Gabon, which produces 300 000 barrels per day and has one of the highest GDP rates per capita in Africa, has 60% of its population living on less than $1 per day.
Tony Hawkins, a professor at the graduate School of Management Zimbabwe, argues that oil is a "corrupting substance". Far from putting the oil wealth to effective public use, as has been done in Scandinavia, Alaska and the Gulf, Africa's oil bounty has seen her people grow poorer and their leaders richer.
An economy based purely on oil exports is not sustainable. "Eventually commodity super cycles must come to an end," he says. "African countries need to diversify their economies and grow their consumer base - the oil industry does not create jobs. "
Clarke is not ignorant of these facts.
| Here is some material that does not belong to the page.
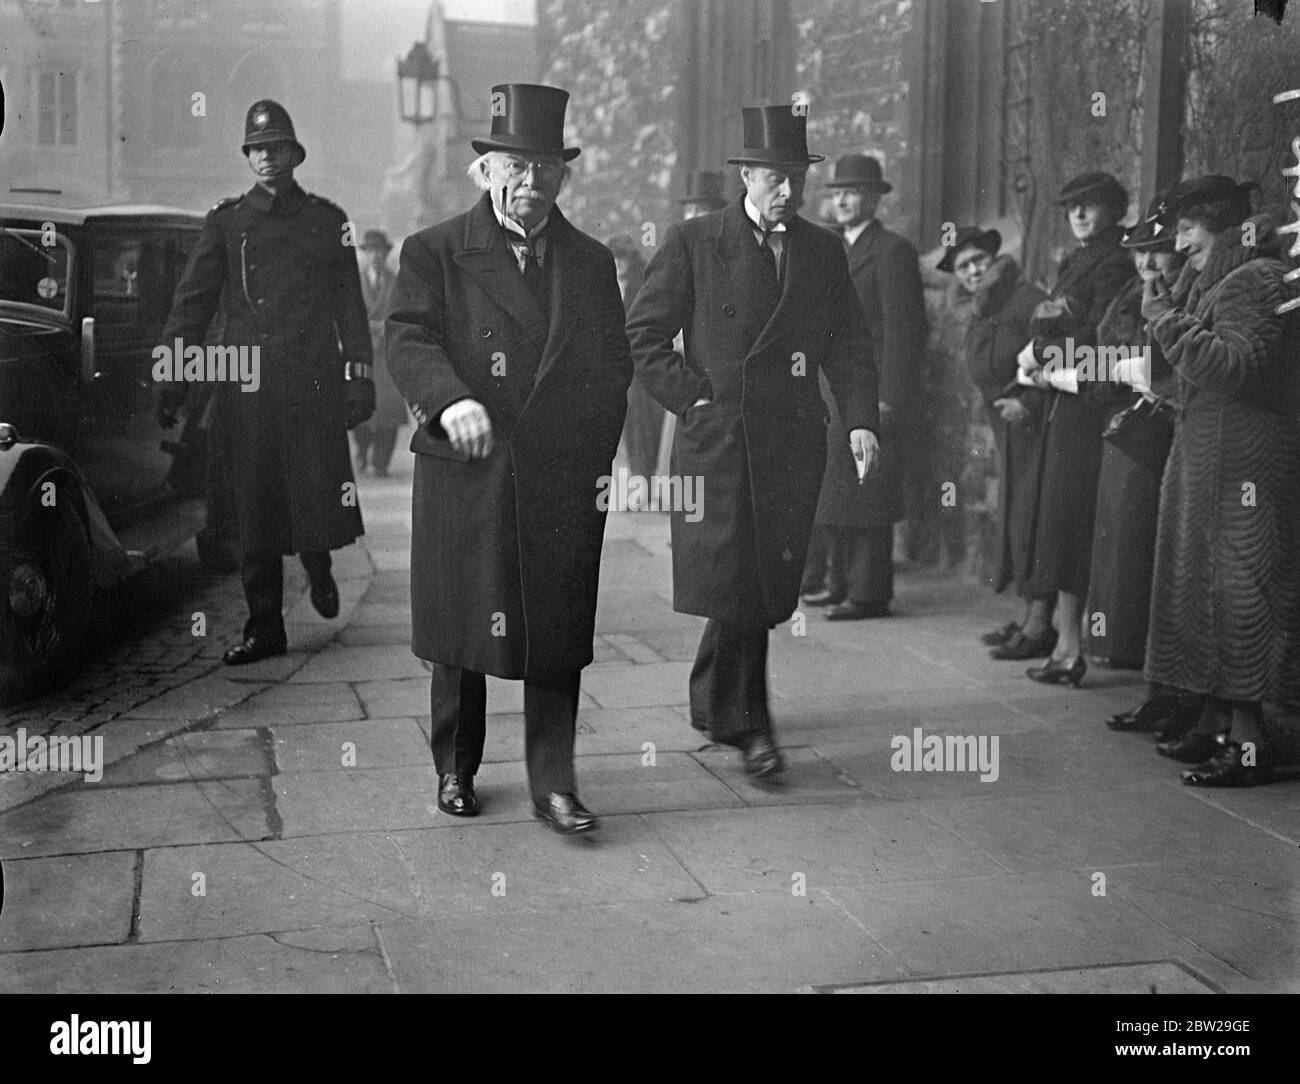 Mr Lloyd George at Abbey service for Mr MacDonald. Statesman formed a considerable part of the congregation when the funeral service for for Mr Ramsay MacDonald took place in Westminster Abbey. Photo shows, Mr Lloyd George, arriving for the service. 26 November 1937 Stock Photo

But governance is improving and democracy is spreading - even if it is haphazardly. The oil and gas landscape is changing fast. More companies enter the continent each year, and investment commitments and numbers of projects executed are rising - these generate secondary industries.
"I think competition will intensify over time as more players compete and the foreign state oil companies add to the overall portfolio."
The opportunities do not end there. Another growth area lies in gas. Clarke says with 500trn cubic feet of gas now proven in Africa, the continent's total hydrocarbon reserves stand at about 250bn barrels of oil equivalent. "The future for gas is very strong, with more reserve growth, discoveries and markets being developed, as well as exports to Europe and within Africa," Clarke says.
This bodes well for Africa's economic development - as long as the oil wealth is used constructively to develop infrastructure and unrelated industries. And if it's used to finance short-term consumption? Then nothing changes.